The German Protection Against Dismissal Act and its implications

Employers wishing to dismiss their employees have to be mindful of various regulations, the most significant of which in many cases is the German Protection Against Dismissal Act (Kündigungsschutzgesetz (KSchG)).

GRP Rainer Lawyers and Tax Advisors in Cologne, Berlin, Bonn, Düsseldorf, Frankfurt, Hamburg, Munich, Stuttgart and London - www.grprainer.com/en conclude: In contrast to a cancellation agreement, termination entails one of the contractual parties unilaterally ending the employment relationship. Various statutory regulations must nevertheless be observed in cases involving termination in order to avoid legal disputes. A report by Handelsblatt details an example of a large warehouse group which may soon be faced with this outcome. According to this, 65 employees wish to take action against their dismissals. They accuse the company, inter alia, of failing to comply with notice periods or choosing the wrong social criteria.

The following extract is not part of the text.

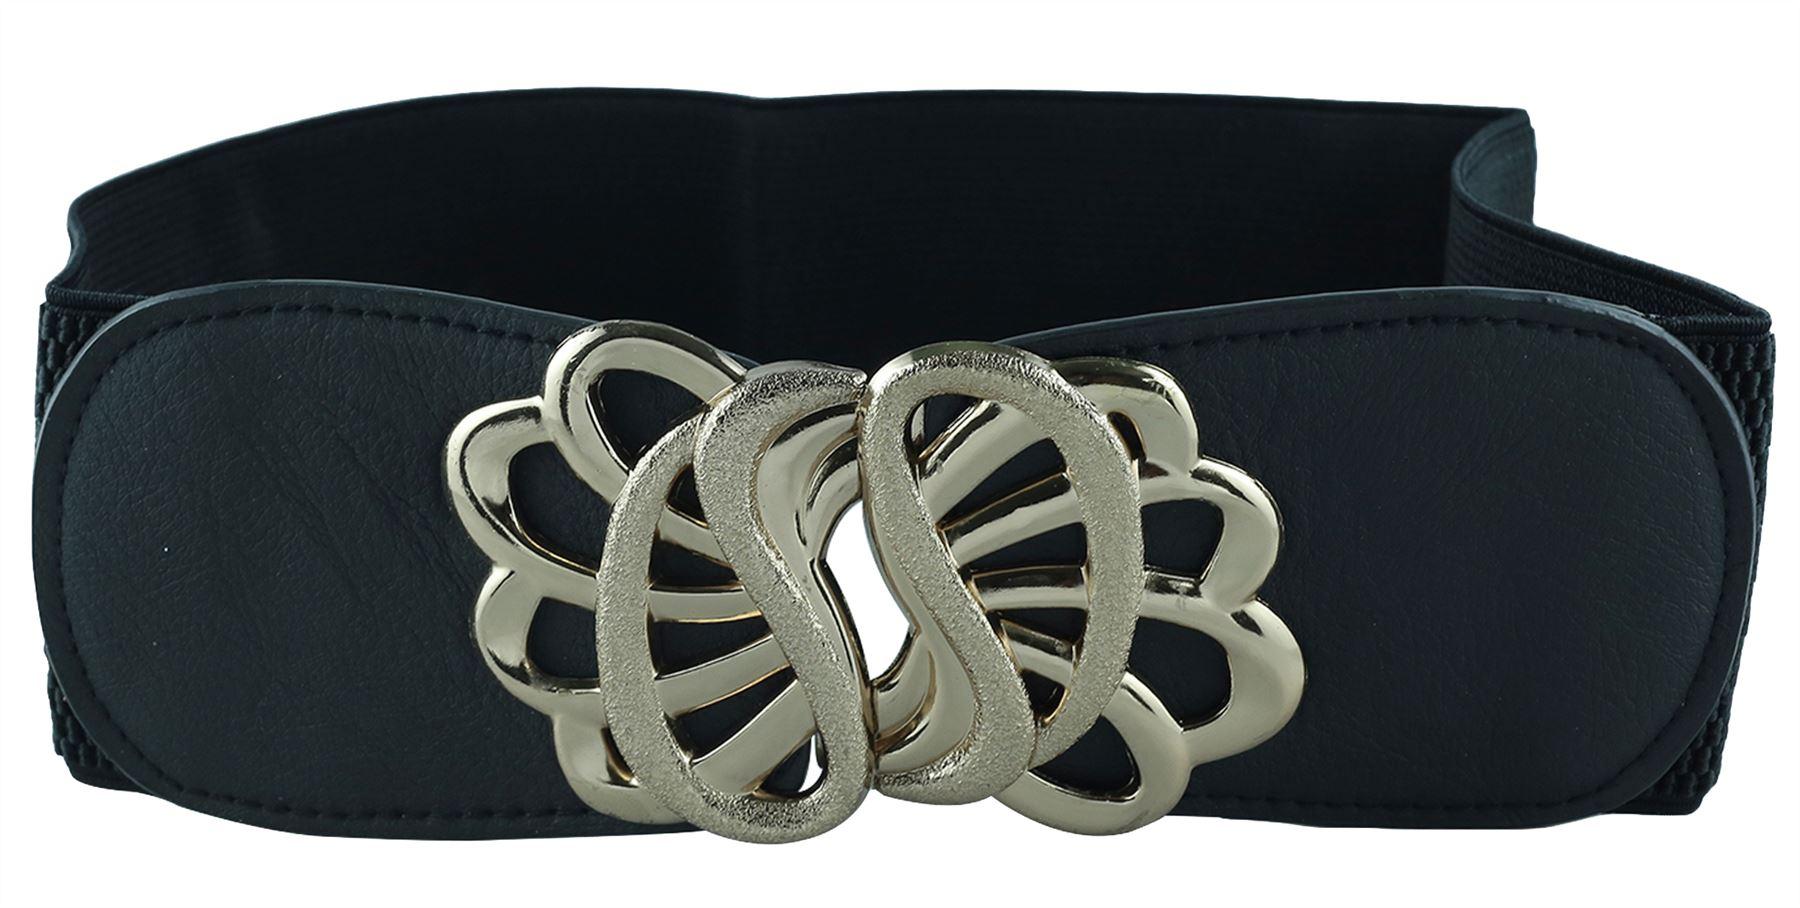 Da Donna Floreale Interblocco fibbia Stretch elastico in vita Cinture di Pelle PU Taglia Unica
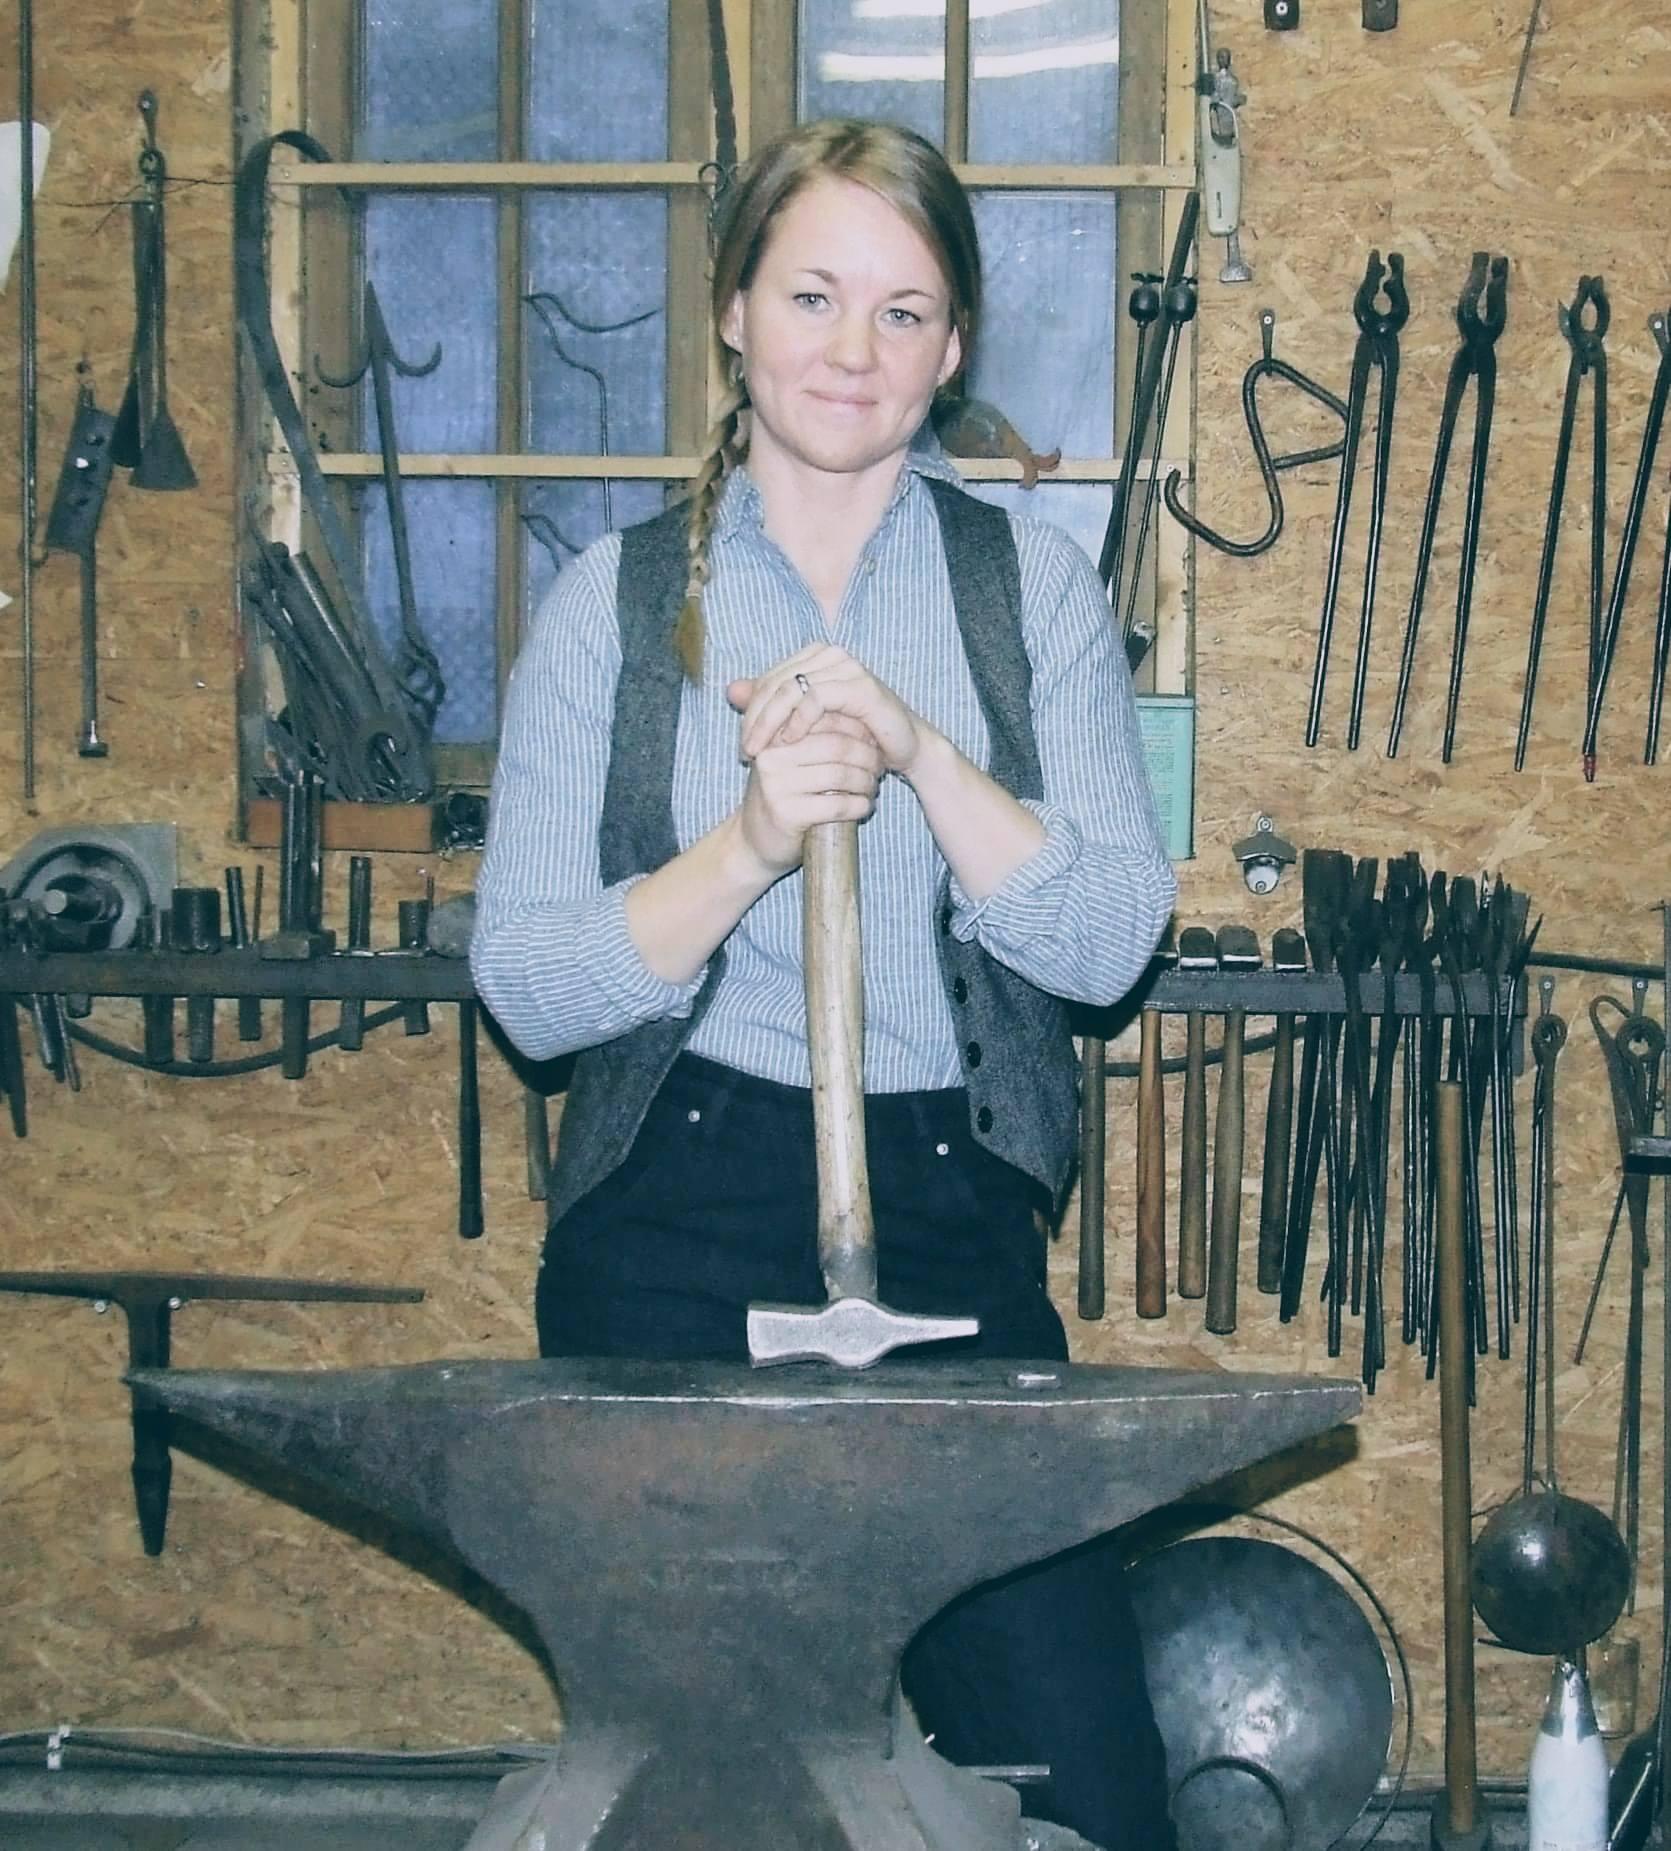 trädgård designer trädgårdsverktyg. Johanna

Of course, the employer has the right, just as an employee does, to give notice of termination if the circumstances, e.g. the company’s economic position, so require. However, statutory protection against dismissal needs to be taken into account in doing so. The German Protection Against Dismissal Act is applicable if the employment relationship began no earlier than January 1, 2004 and the firm regularly employs more than ten workers. If the employment relationship came into existence before January 1, 2004, there generally needs to have been more than five employees working for the firm. Furthermore, the Act does not kick in until after the employee has been working for the company for at least half a year.

Various reasons can justify dismissing an employee. Notice can be given for an operational redundancy if this is necessitated by the company’s economic position and the job ceases to exist. If several employees are being considered for job cuts within a company, social criteria need to be established. Here, the employer determines which employees would be least affected by losing their job, having regard to various criteria such as age, length of employment with the company or family status.

Apart from operational redundancy there is also dismissal on grounds of personal capability, whereby the grounds for dismissal pertain to the personal circumstances of the employee, who, for instance, is not mentally or physically up to the job. Dismissal based on conduct is also possible if the employee’s conduct (refusal to work, causing offence, physical assault, theft etc.) interferes with the employment relationship. A prior written warning is absolutely necessary.

In order to prevent legal disputes in the event of termination, the termination ought to be reviewed by lawyers who are competent in the field of labour law.